Heat Conductivity – The Short Version
There was actually a much easier way to demonstrate that the LunaSol 20's die temperature is well below the limit, and that is to look at the runtime / output plot which appears below.
Note that the output
does not diminish with runtime. If the thermal situation was pushing the edge, then the output would start at a maximum then ramp down to a lower level due to rising die temperature, which causes loss of efficiency and output over a low temperature die running the same current. This is something I have seen before in multi-level flashlights. It happened with the Arc4 and appeared in this_is_nascar's output graphs of the Arc4 at various levels.
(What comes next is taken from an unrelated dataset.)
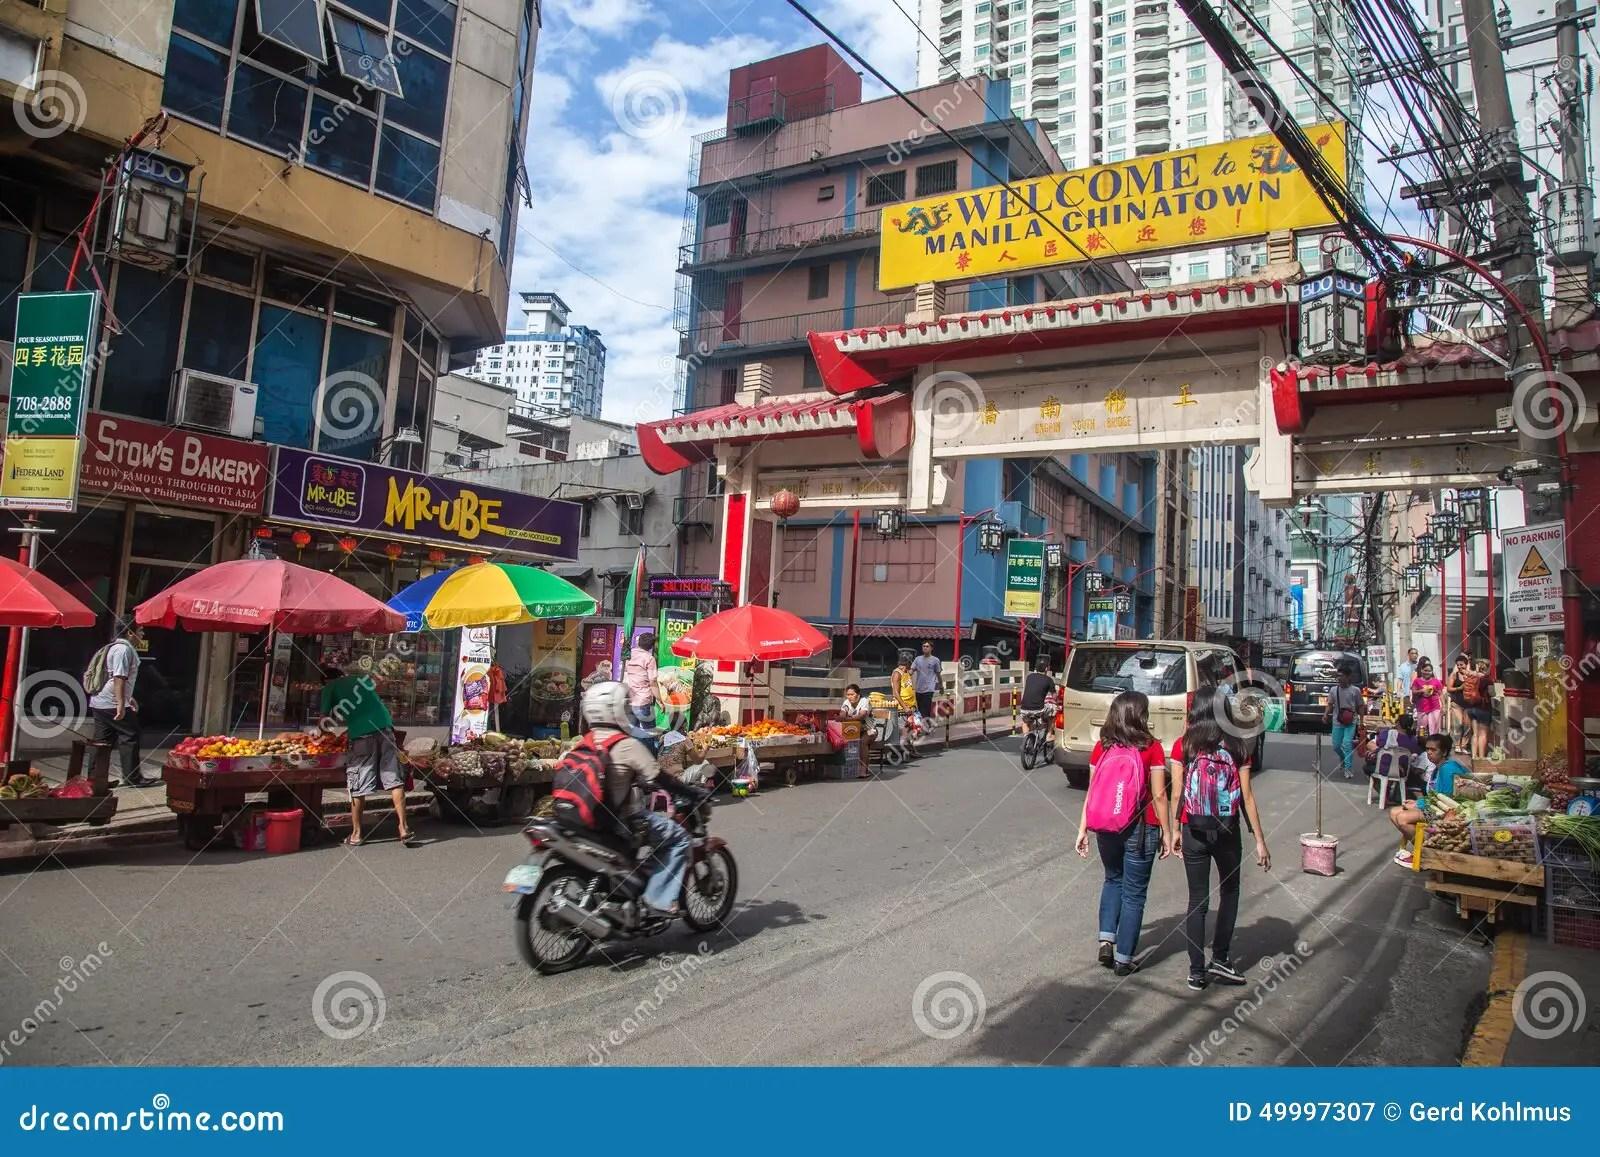 Chinatown Manila Editorial Photography Image 49997307
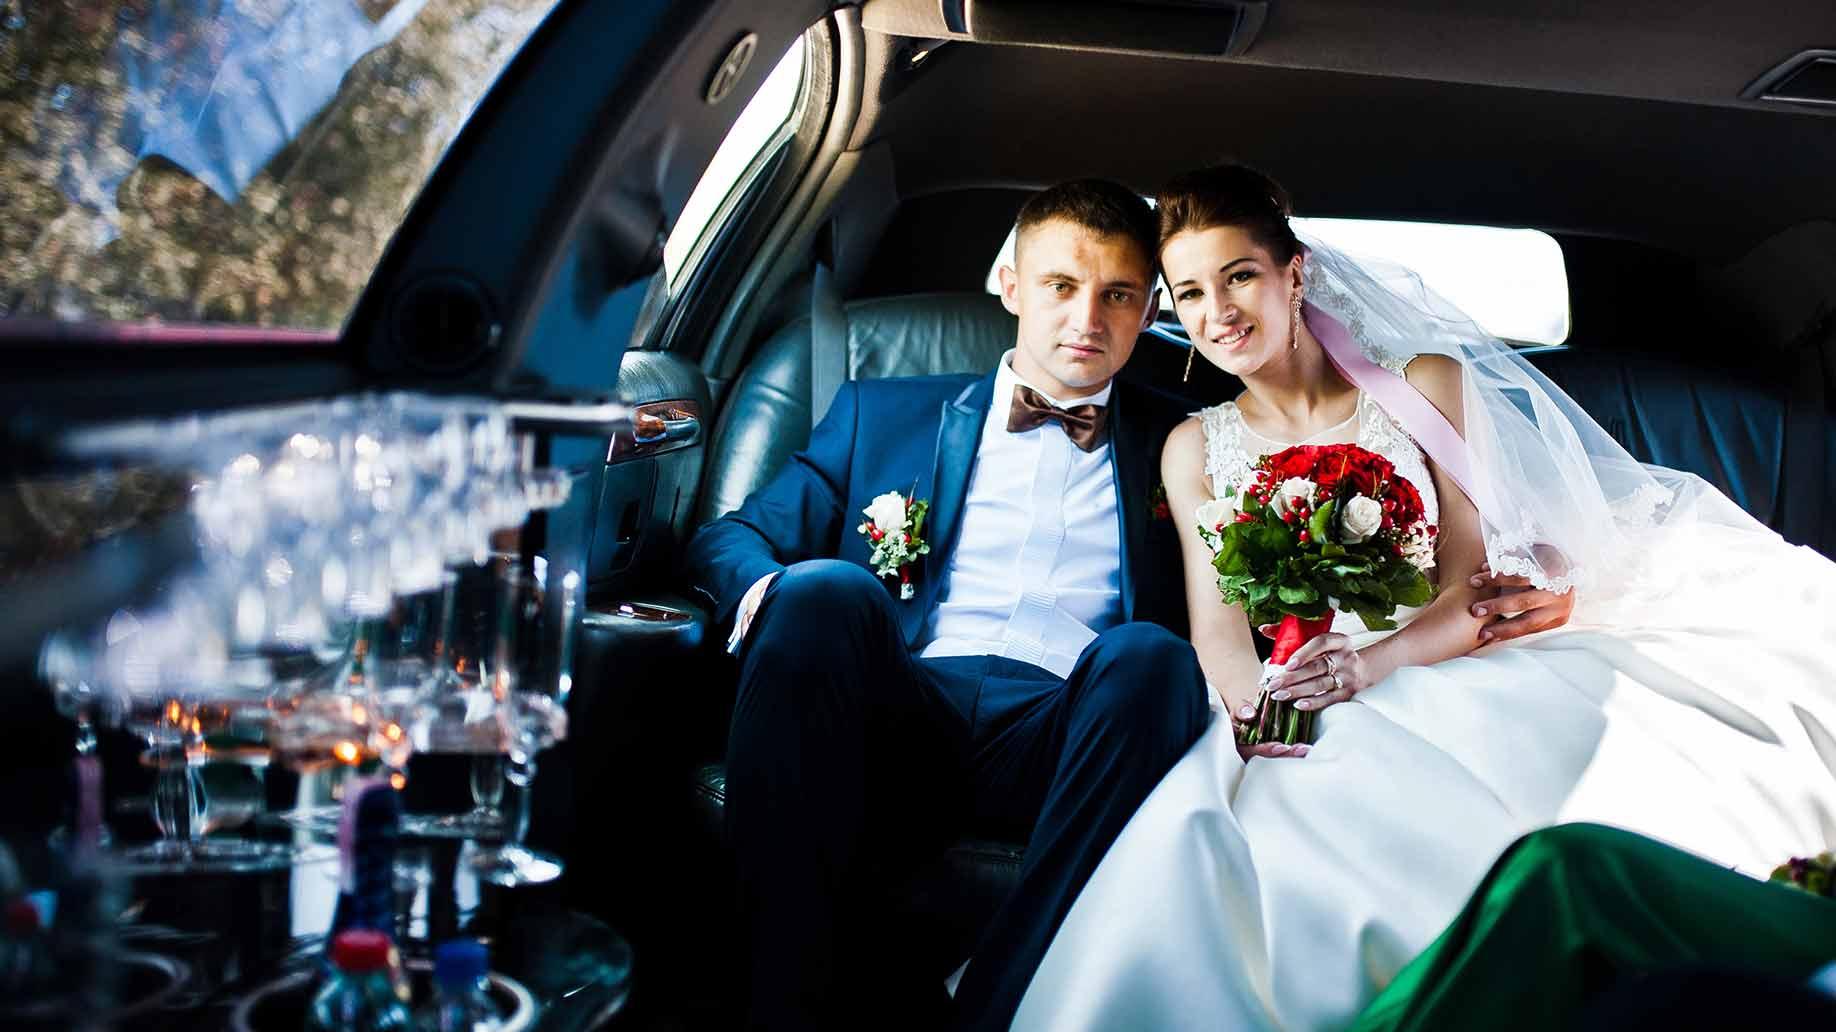 wedding limo couple

The highest level graph showed this ramp down, and TIN complained about it, and Peter Gransee told him it was thermal and that if he just held onto the light the whole time it wouldn't happen. TIN did that, and lo and behold, the output stayed at the high starting level for the whole run due to the lower surface temperature of the body of the light (and thus also of the die) when held by TIN's hand.